--- INPUT DATA Enclosed Below ---

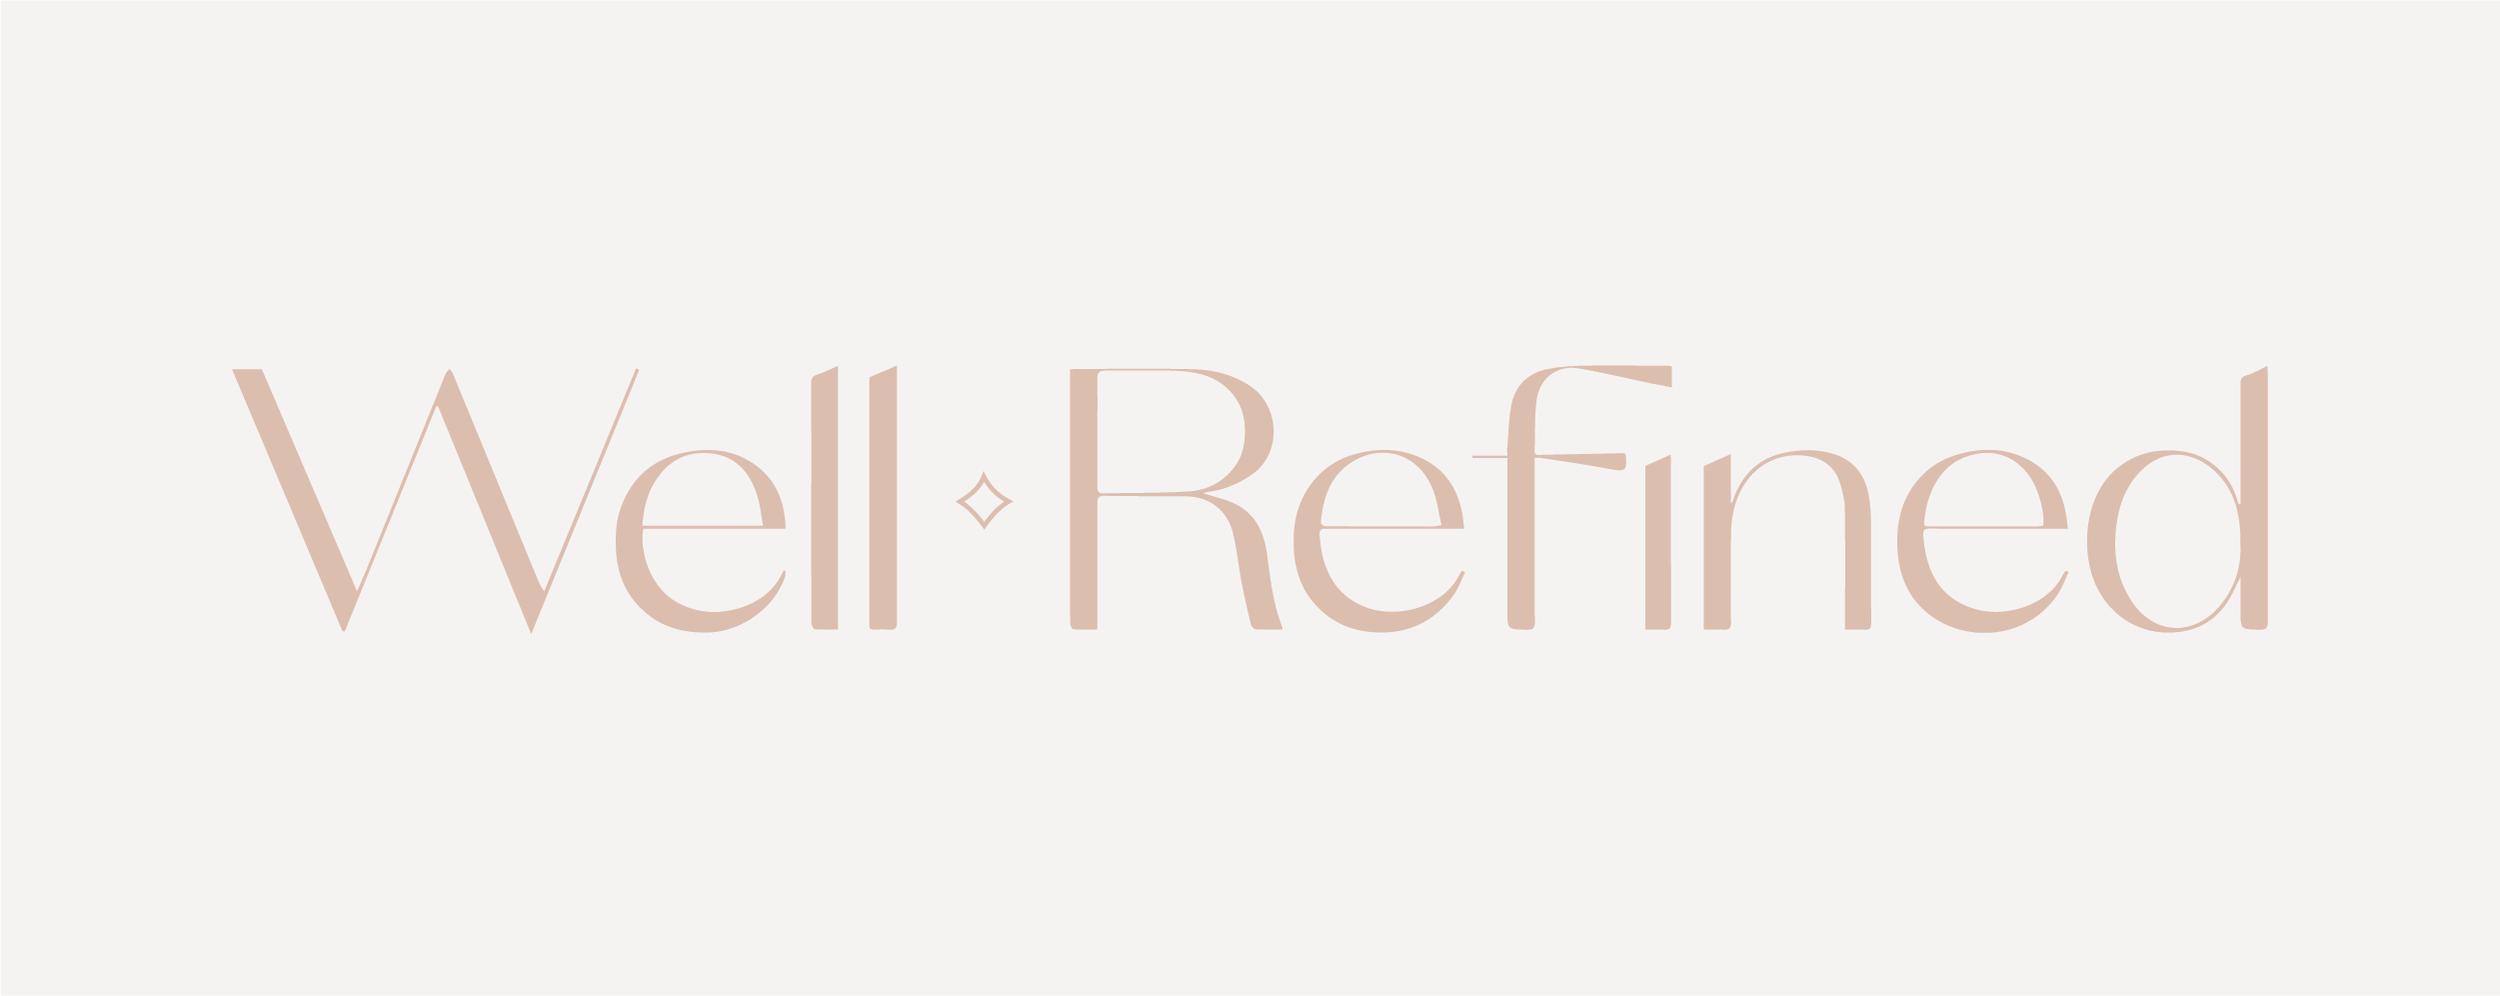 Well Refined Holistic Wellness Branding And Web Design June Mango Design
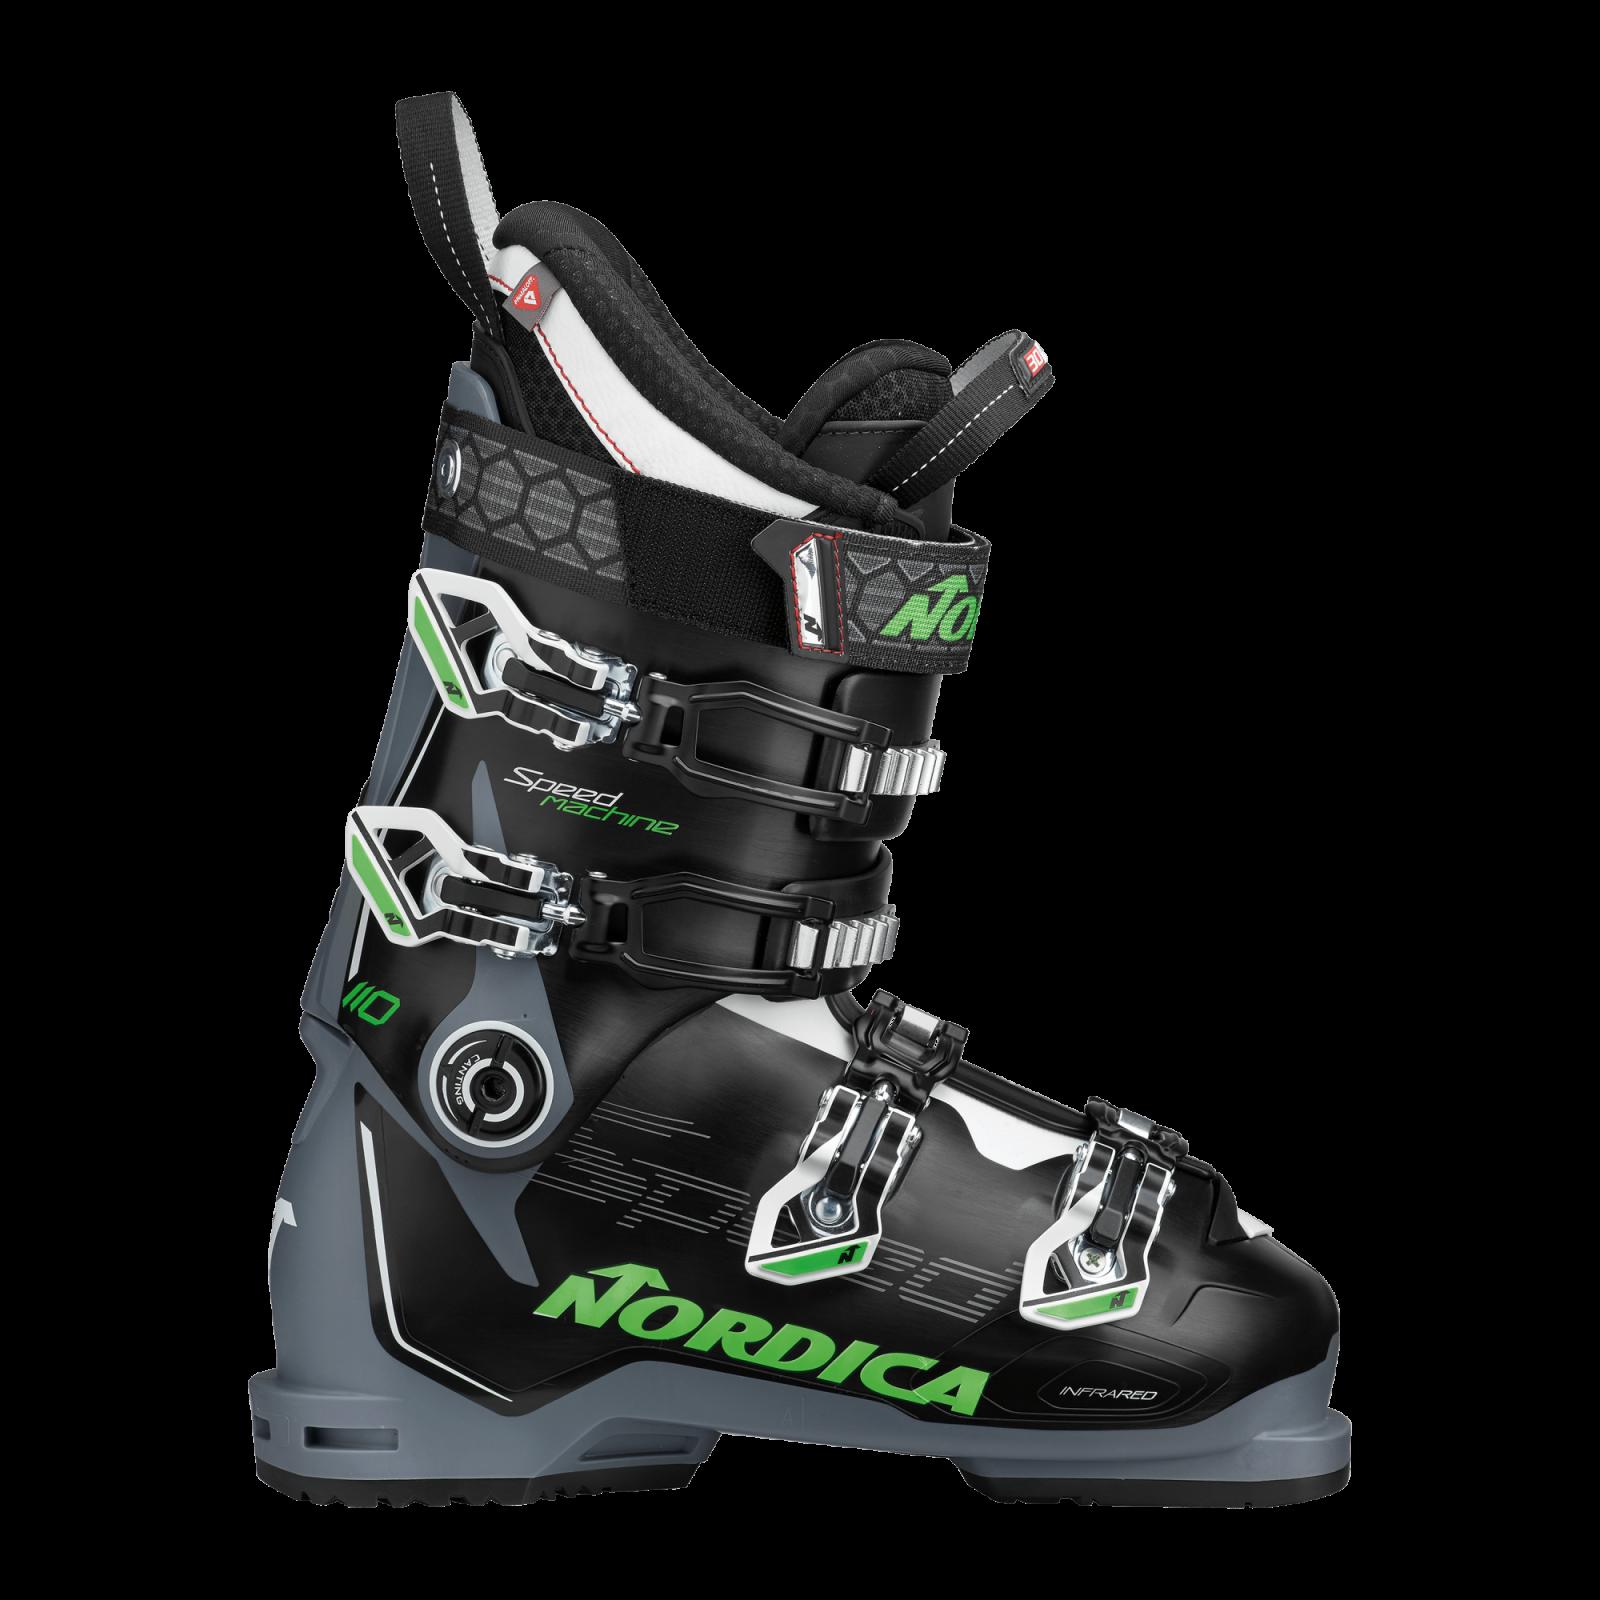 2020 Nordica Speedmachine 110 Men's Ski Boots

--- End of Enclosed INPUT DATA ---
--- INPUT DATA Enclosed Below ---

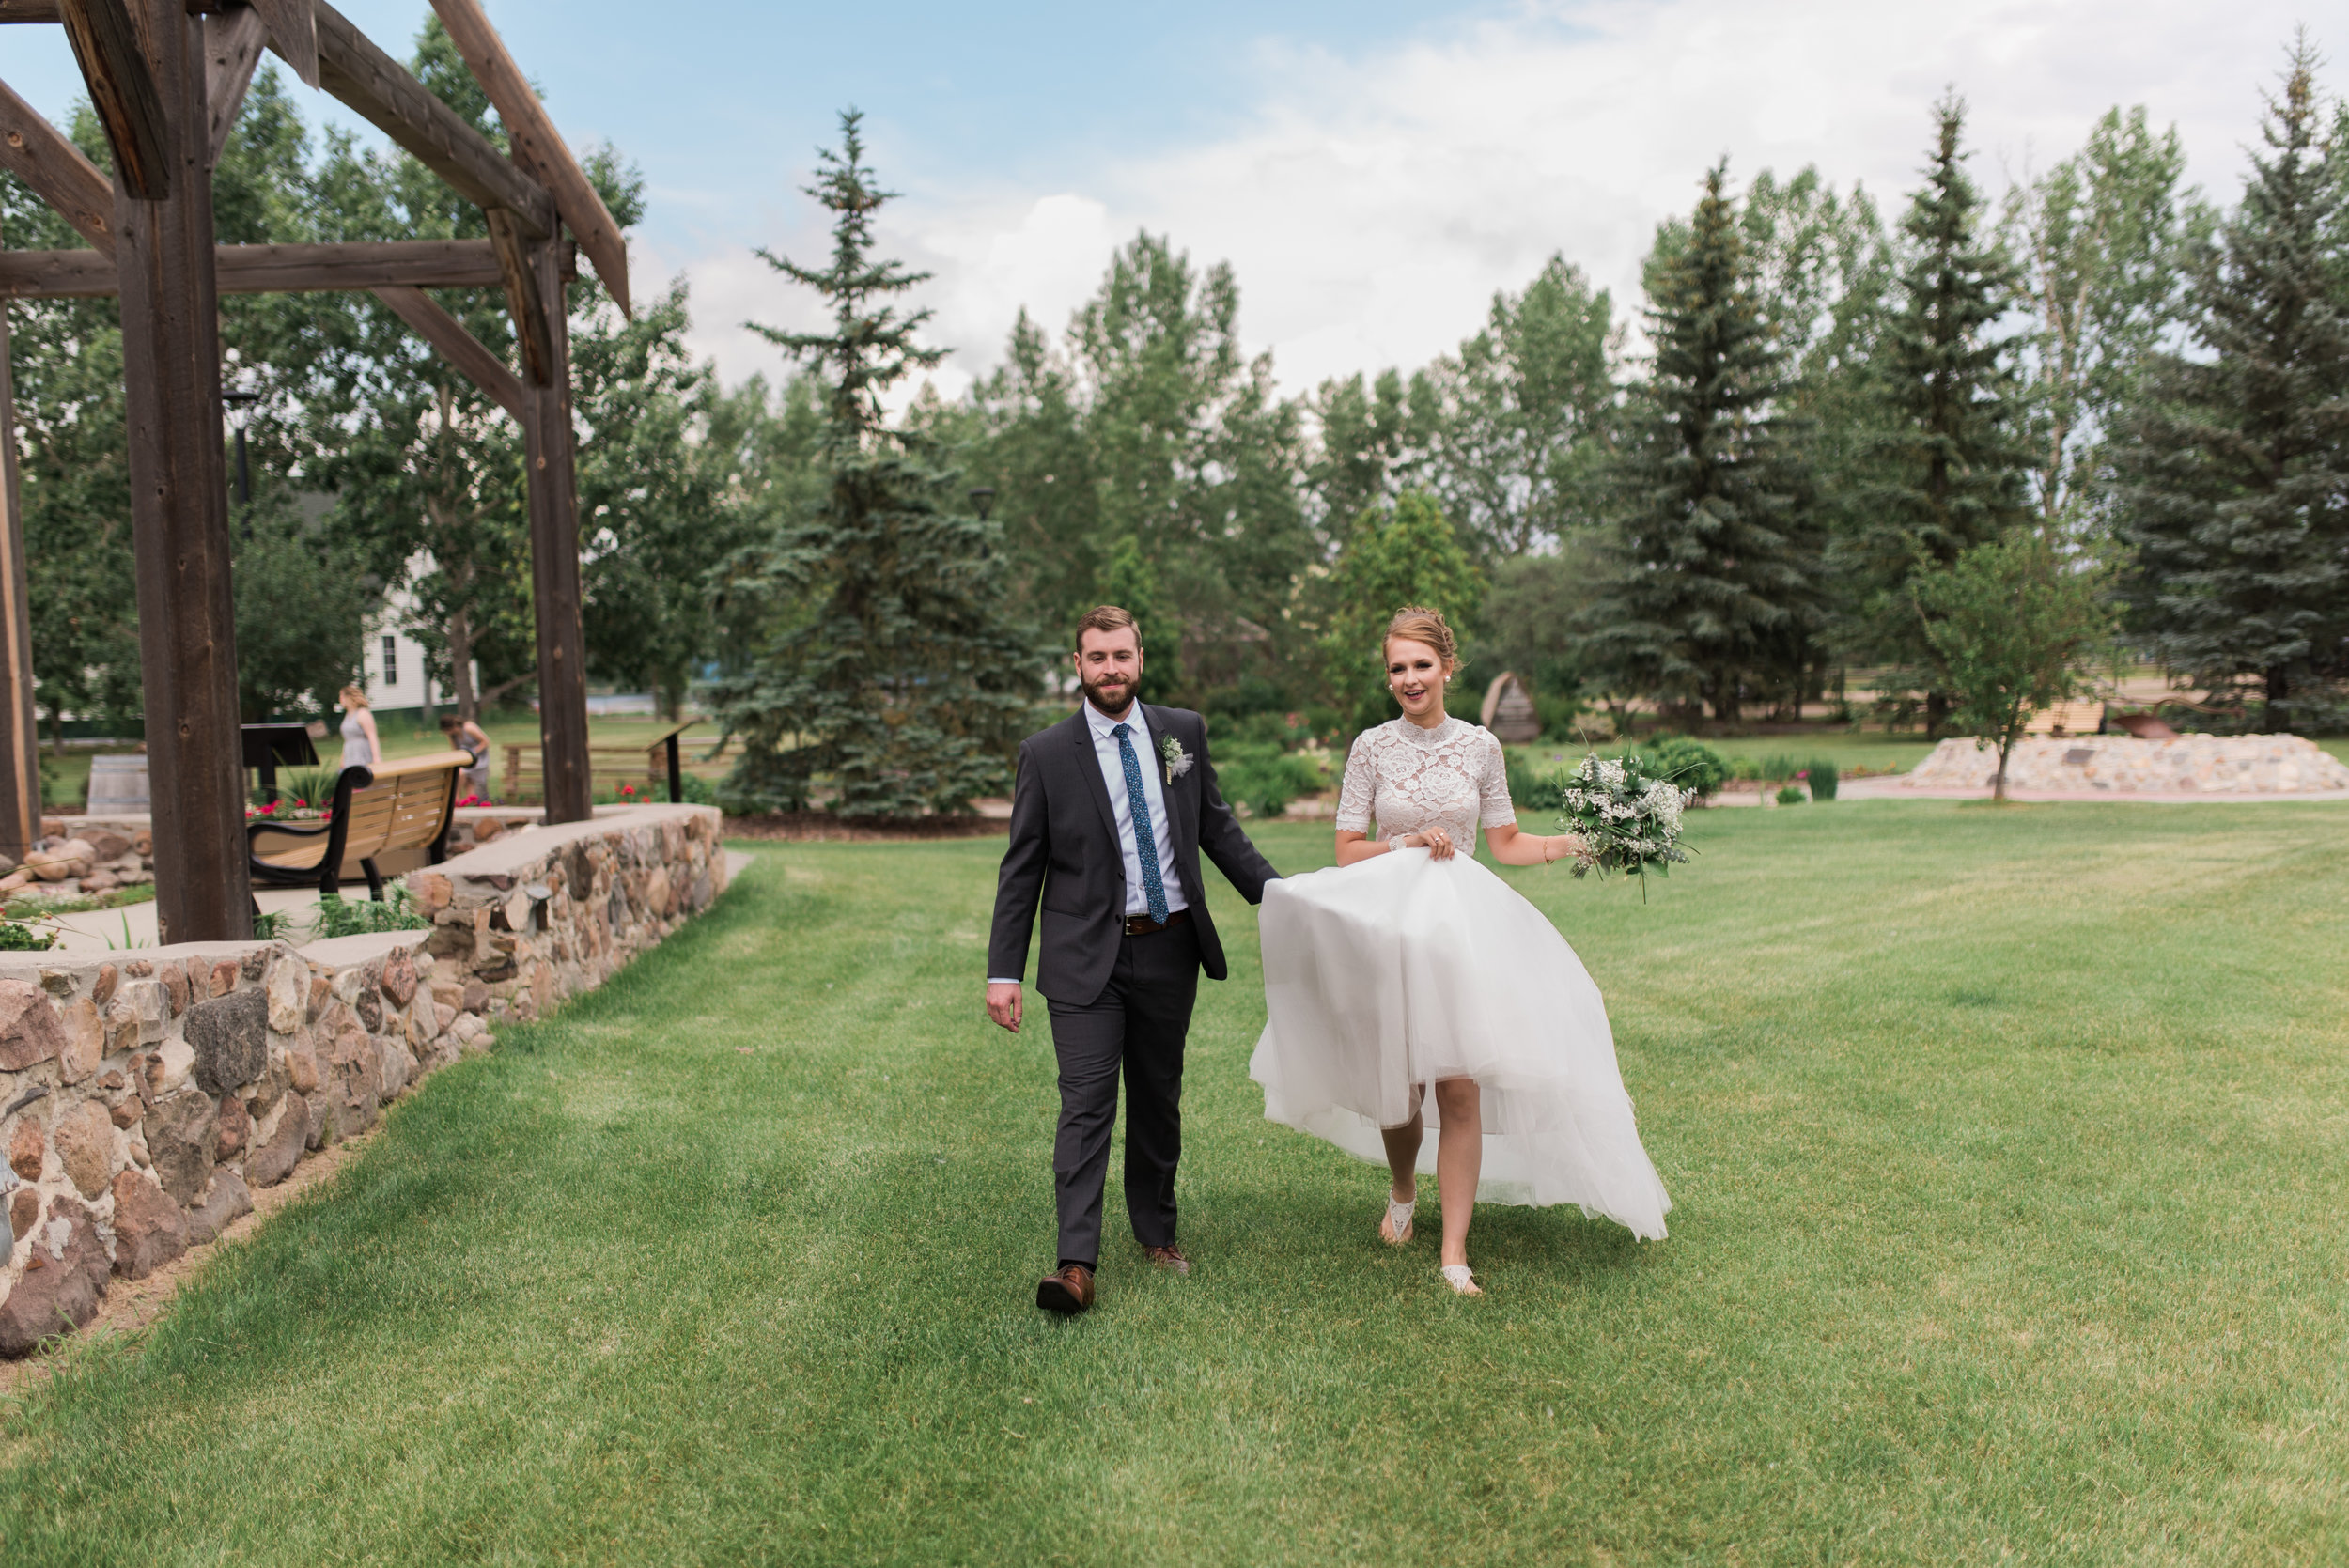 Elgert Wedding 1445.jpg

--- End of Enclosed INPUT DATA ---

§ PROBLEM
From the material above, reproduce only what runs from the line holding "Well Refined Holistic" down to the line holding "2020 Nordica Speedmachine", both included, pictures excluded.

§ TASK ANSWER
 Well Refined Holistic Wellness Branding And Web Design June Mango Design
 2020 Nordica Speedmachine 110 Men's Ski Boots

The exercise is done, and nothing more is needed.